In the present embodiment, the main burner 31 has an outer cylinder 310 and an inner cylinder 312 that are arranged concentrically along the central axis 302. As shown in the figure, the inner cylinder 312 also serves as a combustion air injection cylinder 322b of a pilot burner 32 described later. An annular space between the outer cylinder 310 and the inner cylinder 312 is used as a premixing channel 314 for mixing fuel and combustion air. The pilot burner 32 includes a fuel injection cylinder 322a extending along the central axis 302 and a combustion air injection cylinder 322b concentrically mounted on the fuel injection cylinder 322a, and a fuel injection path formed in the fuel injection cylinder 322a. (Not shown) is connected to the first fuel supply source 305 via a pipe 304b including a flow rate adjustment valve. By opening the flow rate adjustment valve at the time of startup, the first fuel supply source 305 The supplied natural gas is injected into the combustion chamber 33. An annular air flow path 324 is formed between the fuel injection cylinder 322a and the combustion air injection cylinder 322b, one end of which is connected to the combustion air flow path 37 and the other end is connected to the combustion chamber 33. The combustion air 200 supplied from the compressor is injected into the combustion chamber 33.

The premix channel 314 has one end opened to the combustion chamber 33 and the other end opened to the combustion air channel 37 through the plurality of air intake ports 315 toward the radially outer side.
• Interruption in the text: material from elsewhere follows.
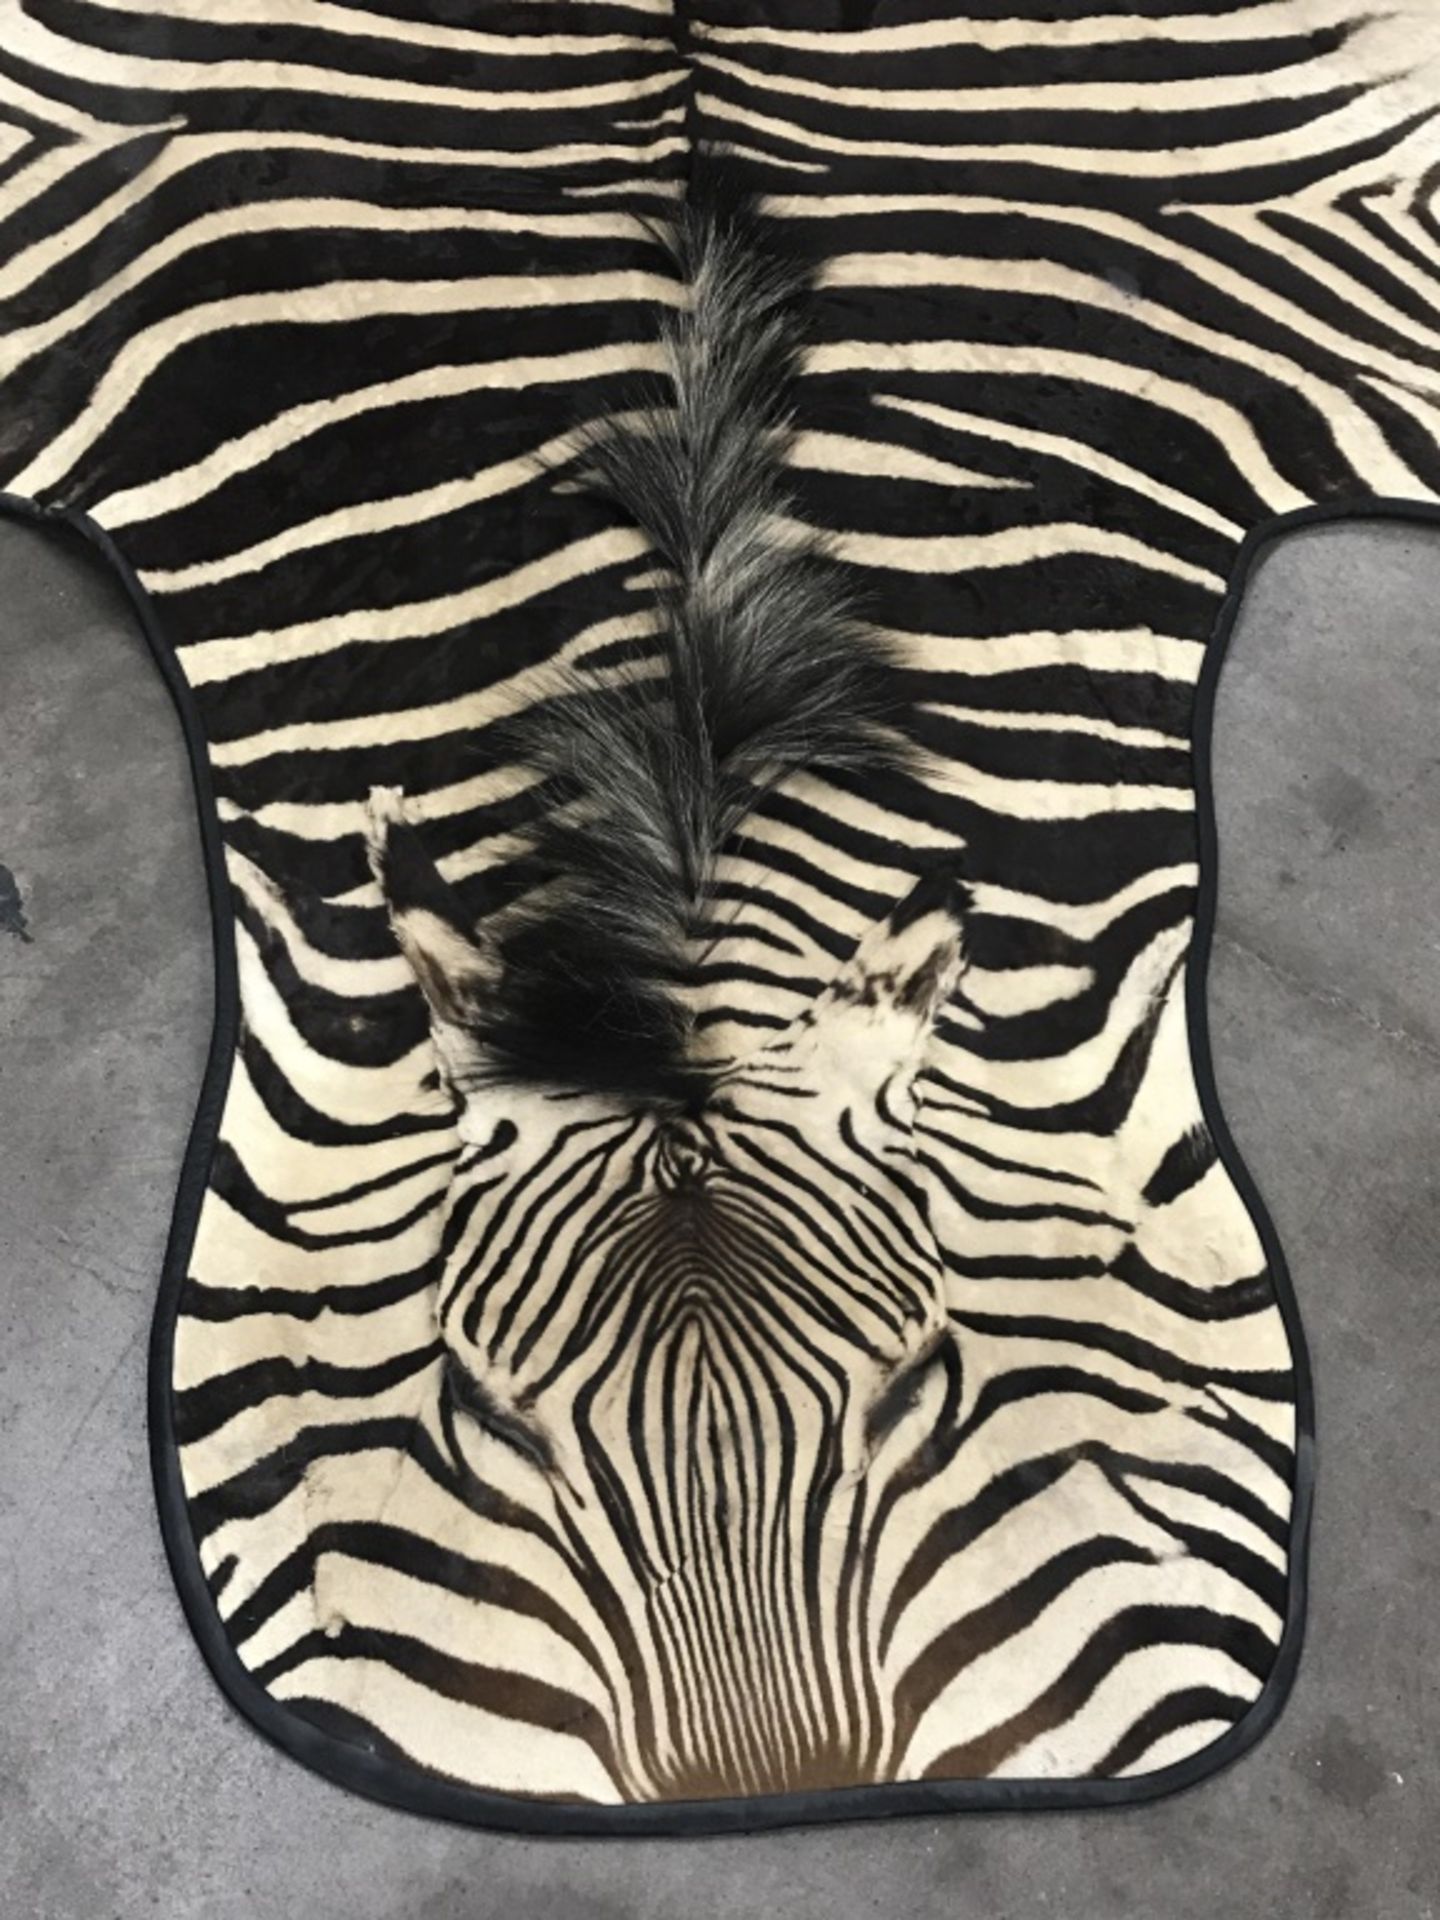 Very Nice Zebra Rug (TX Res. Only) - Image 5 of 13

A plurality of main fuel nozzles 316 for ejecting the first fuel are arranged outside the air intake port 315 in the radial direction. Although not shown, the plurality of air intake ports 315 and the plurality of main fuel nozzles 316 corresponding to the plurality of air intake ports 315 are preferably arranged at equal intervals in the circumferential direction around the central axis 302.

Each main fuel nozzle 316 is formed with a plurality of fuel injection holes (not shown) for injecting the first fuel toward the air intake 315 at a portion facing the air intake 315, while adjusting the flow rate. It is connected to the first fuel supply source 305 through a pipe 304a including a valve. Thus, the fuel supplied from the first fuel supply source 305 and the combustion air 200 supplied from the combustion air flow path 37 together with the combustion air 200 supplied from the first fuel supply source 305 are opened by opening the flow rate adjustment valve during normal operation. 315 is supplied to the premixing flow path 314 and mixed in the premixing flow path 314, and the premixed gas is injected into the combustion chamber 33. In the present embodiment, the air intake 315 is provided with a plurality of swirl vanes (swirlers) that impart a swirl force to the combustion air 200 flowing into the premixing flow path 314 to promote premixing with the first fuel. 317 is provided.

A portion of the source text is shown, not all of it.